See `?heatmapPEI` for more details. Many parameters are configurable, while
generally the default will be fine.


```{r heatmapPEI, fig.width=11, fig.height=7, fig.cap="KEGG pathway enrichment"}
# The enrichment score for 10 clusters, together with Down-regulated,
# Up-regulated and All DE genes. The values shown in Figure 2 is the -log2(FDR).
#
# Always make the number as character, please!

heatmapPEI(clen_res, "pam", "10", printGS=FALSE, maintitle="Pathway analysis for Psoriasis")

```
Figure 3A shows the pathway enrichment for each cluster as well as up-regulated,
down-regulated and all the differentially expressed genes.

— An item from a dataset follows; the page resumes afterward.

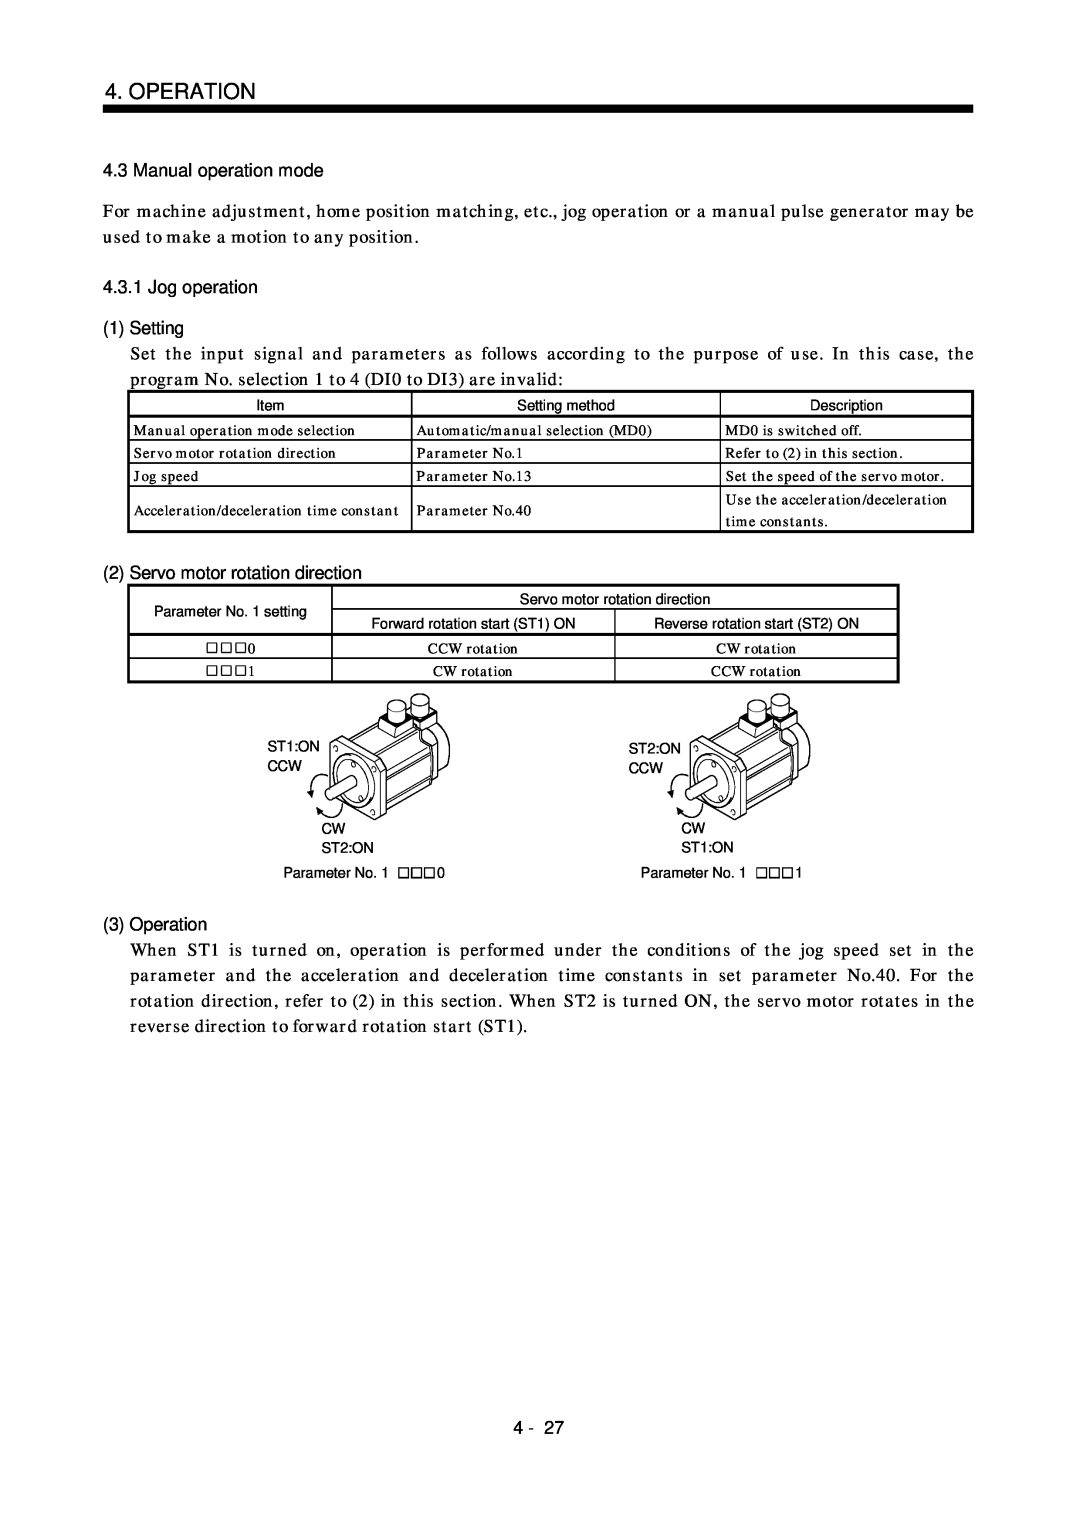 Mitsubishi Electronics MR-J2S- CL Manual operation mode, Jog operation 1Setting, Servo motor rotation direction, Operation 
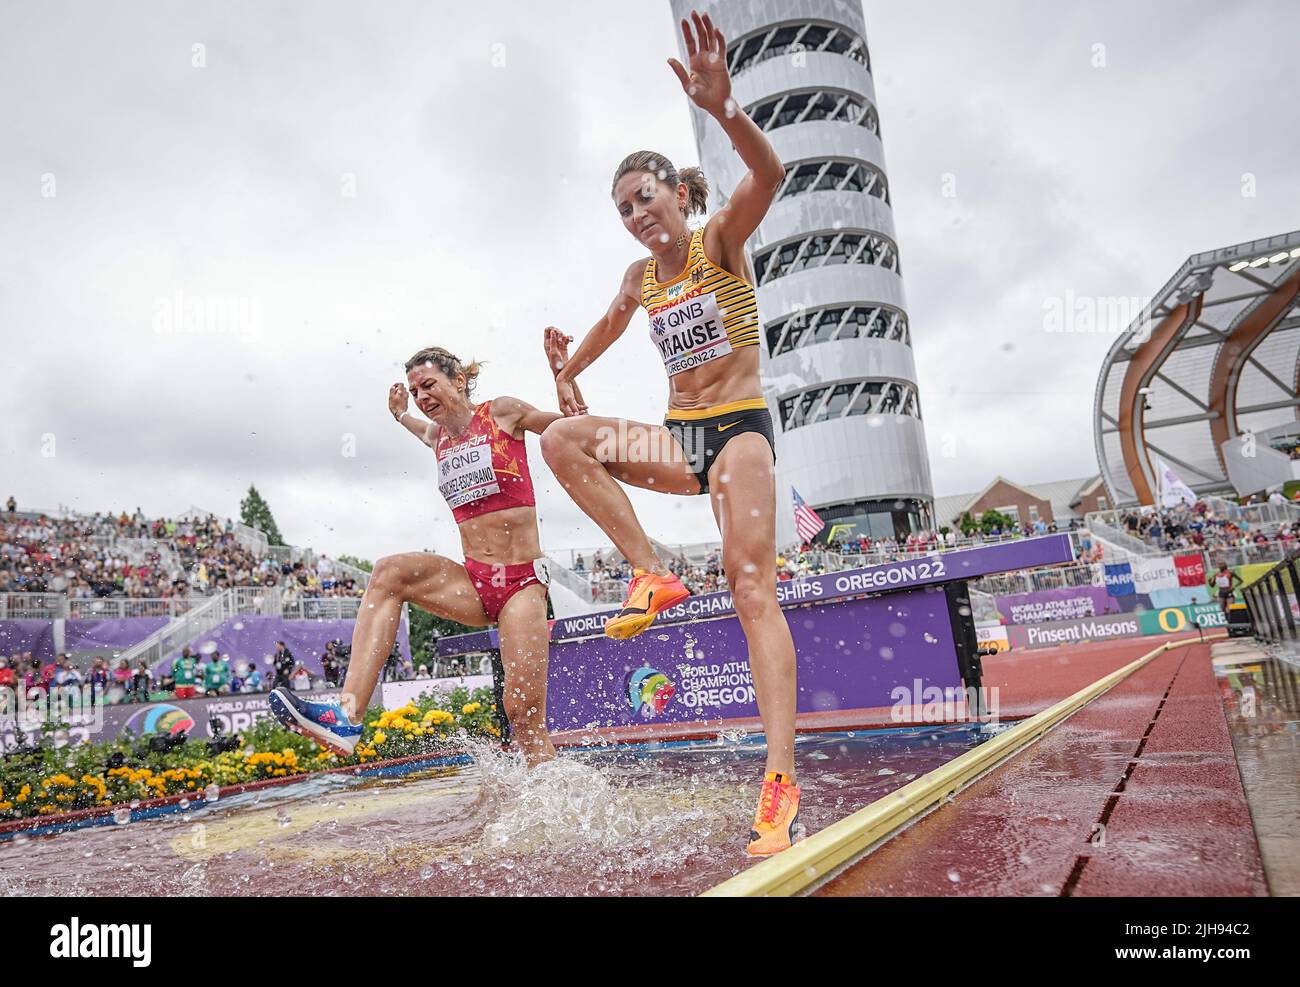 Gesa Krause smashes 2,000 m Steeplechase world best at Berlin's ISTAF -  Athletics Illustrated

The enrichment scores
can be ranked by a certain cluster or the max or average scores of all the scores for
each pathway.

```{r heatmapPEI_B, fig.width=11, fig.height=7, fig.cap="KEGG pathway enrichment circle visualization"}

heatmapPEI(clen_res, "pam", "10", printGS=FALSE, maintitle="Pathway analysis for Psoriasis", geom="circle")

```
Figure 3B shows the pathway enrichment using circle plotting.


# Drug repositioning

Pathway analysis demonstrates that specific disease pathways are often
represented by a single cluster. Accordingly, we recommend that drug repositioning
is performed based on co-expressed gene clusters instead of all the differentially
expressed genes. If the input of cogena is disease related data, the drugs enriched
should recover the gene expression changed by the disease (the drug should induce
an opposite direction in expression to the disease), while if the input is drug related,
the enriched drugs should show similar gene expression changes caused by the drug
studied. Here we show drugs for treating psoriasis, an autoimmune disease.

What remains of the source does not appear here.